**DATASET SECTION**
################

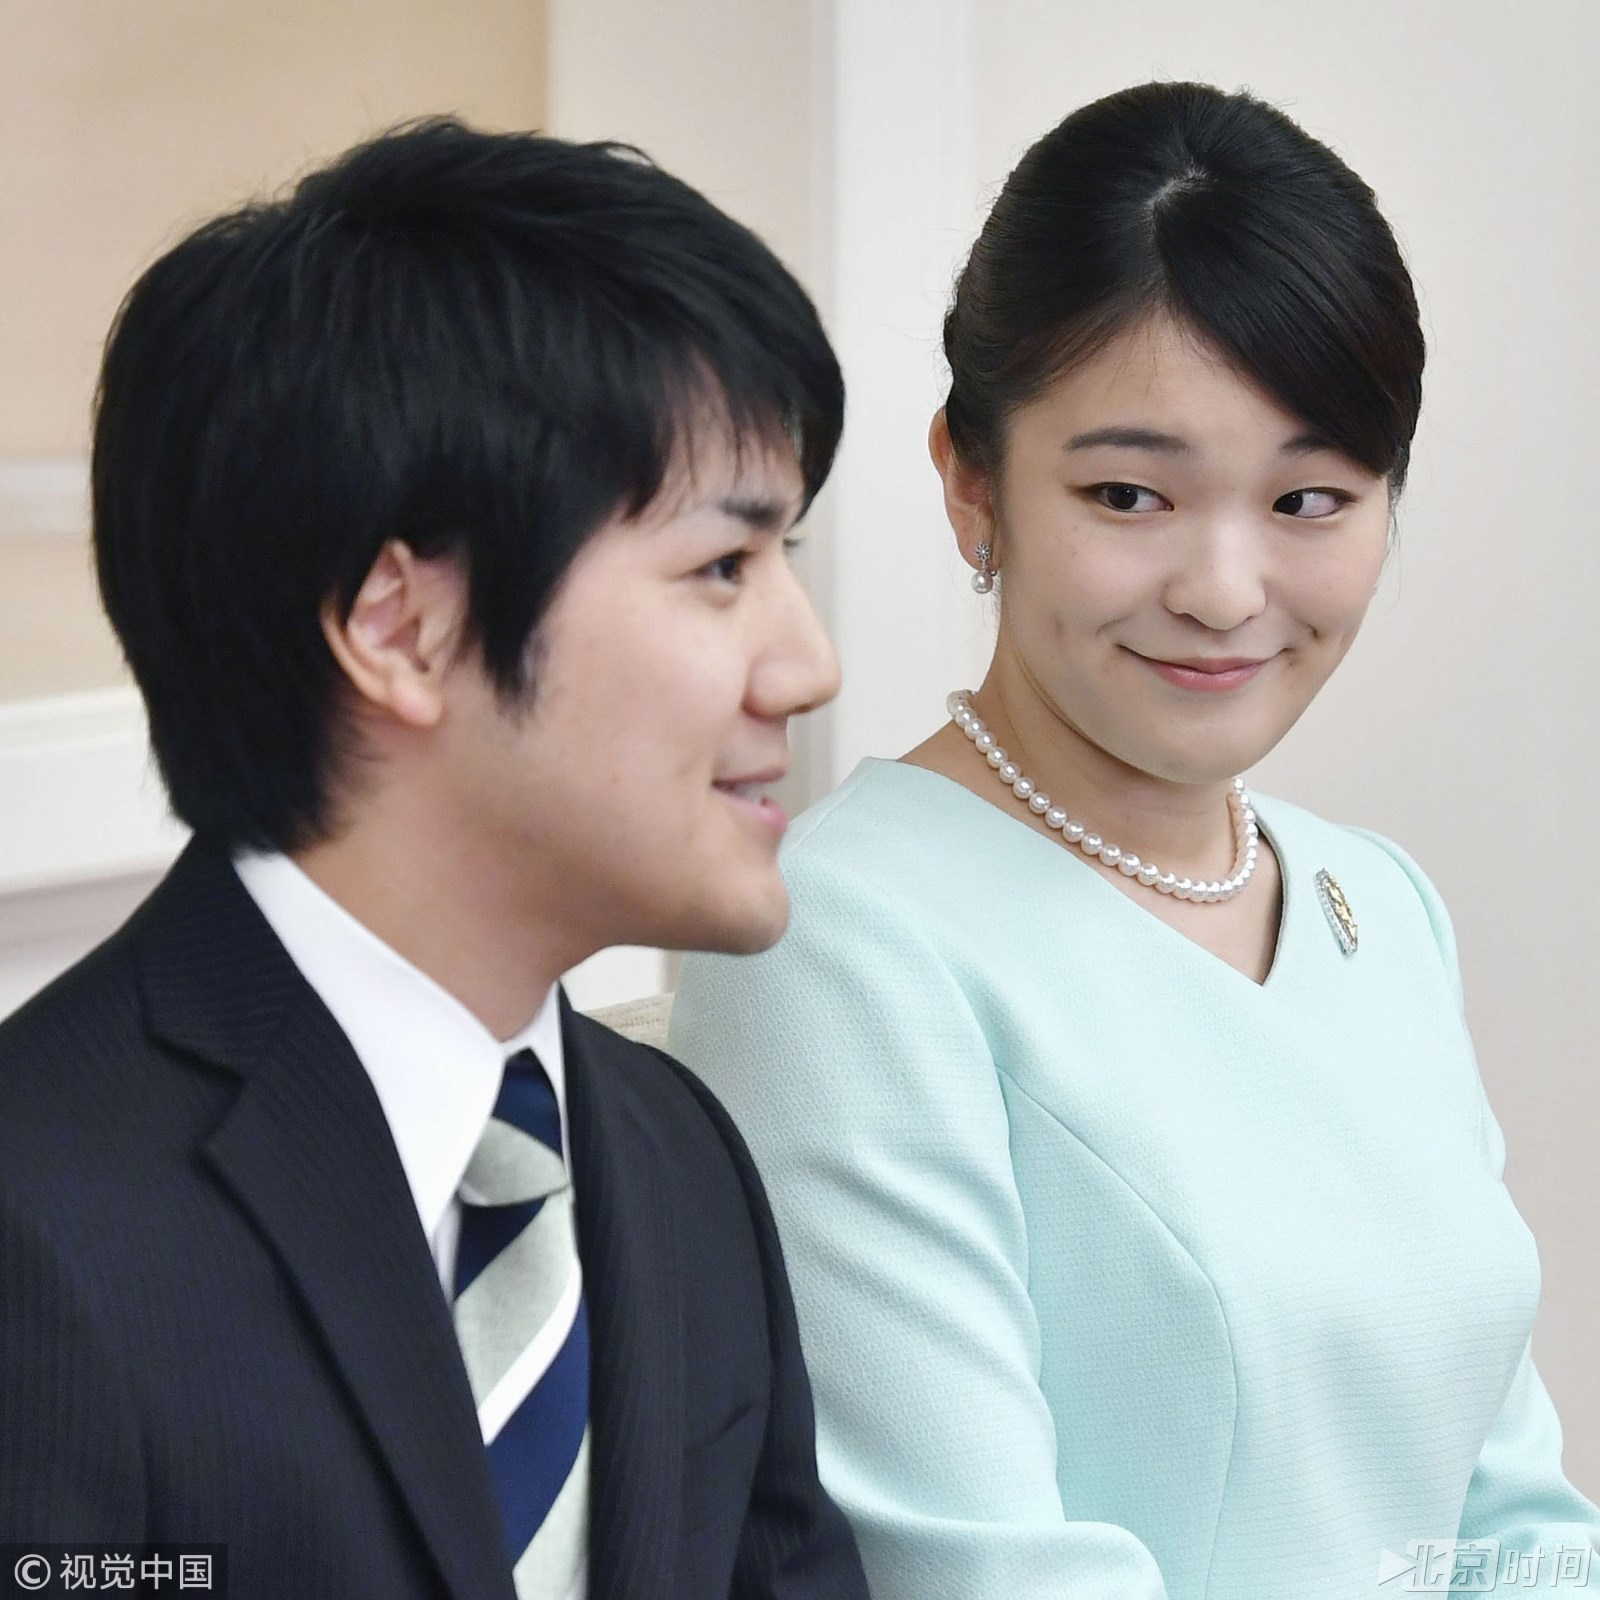 日本真子公主或在明年11月出嫁 天皇皇后或出席婚礼
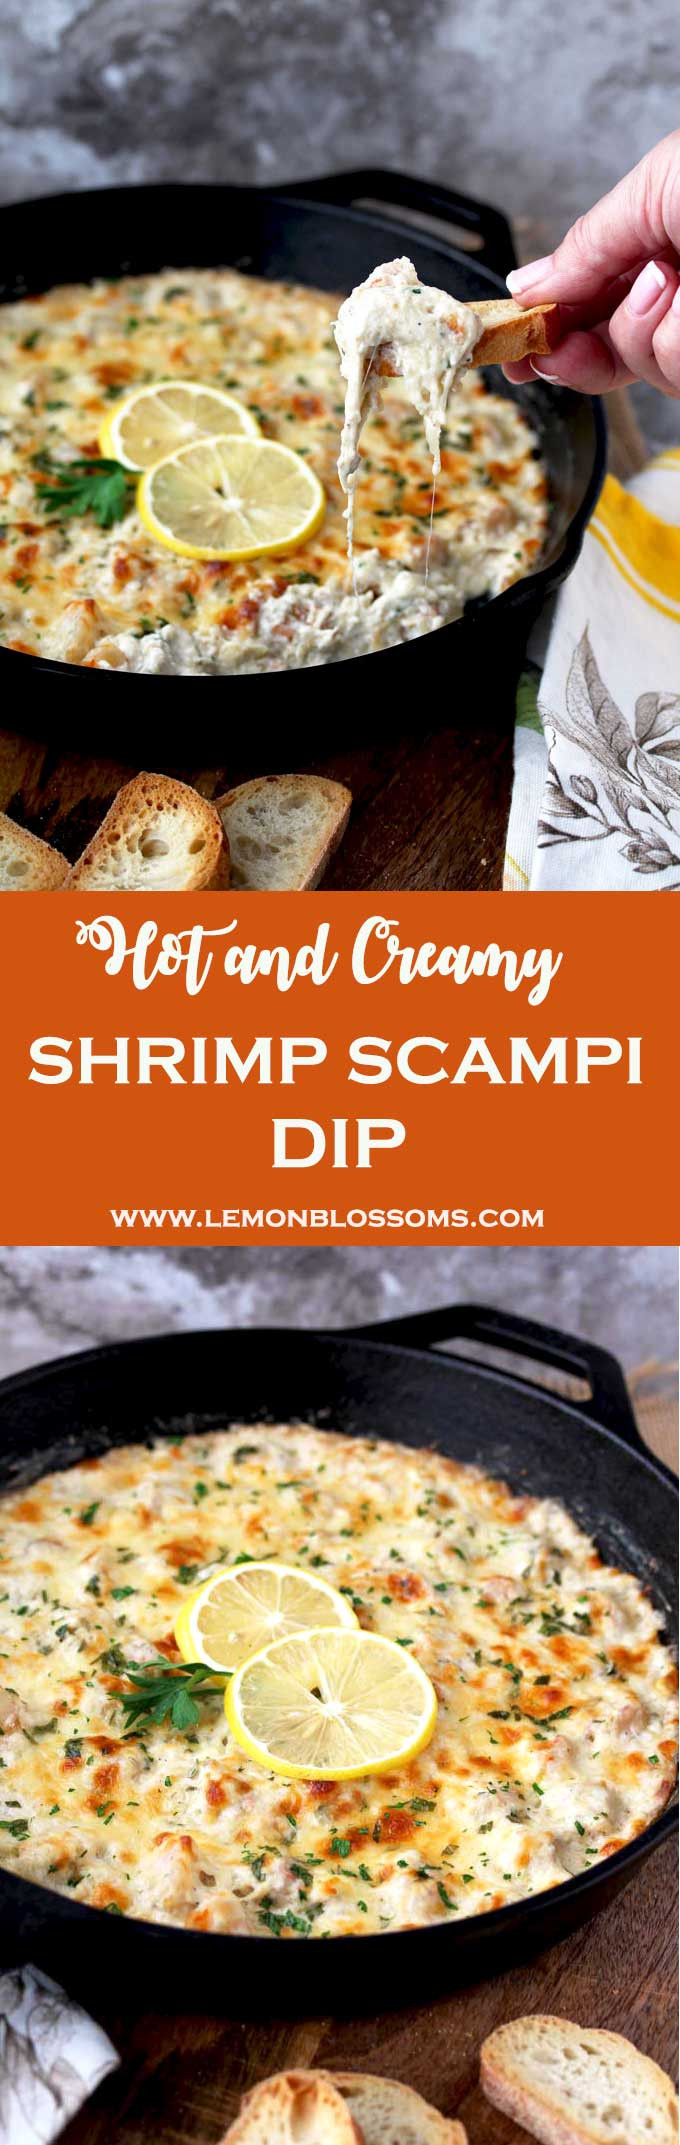 Shrimp Scampi Dip
 Hot and Creamy Shrimp Scampi Dip
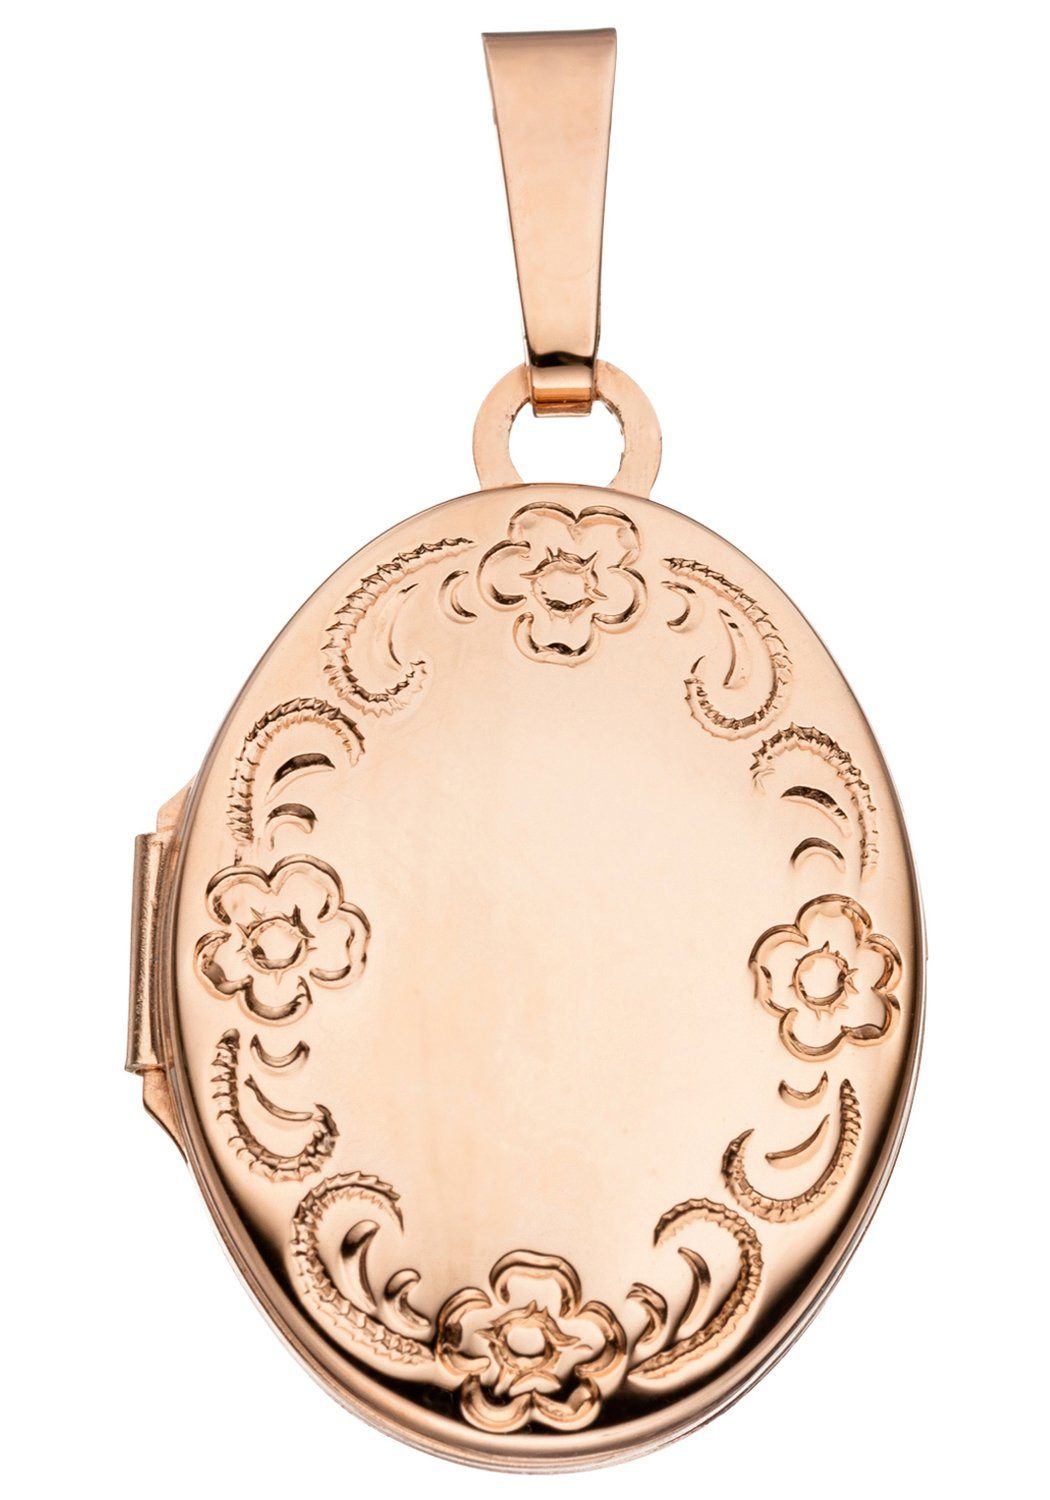 Medallionanhänger Anhänger JOBO Medaillon 925 vergoldet Silber roségold oval,

################

**EXERCISE PROMPT**
Would you return all the data exactly as given, minus the pictures?

**TASK ANSWER**
 日本真子公主或在明年11月出嫁 天皇皇后或出席婚礼
 Shrimp Scampi Dip
 Hot and Creamy Shrimp Scampi Dip
 Medallionanhänger Anhänger JOBO Medaillon 925 vergoldet Silber roségold oval,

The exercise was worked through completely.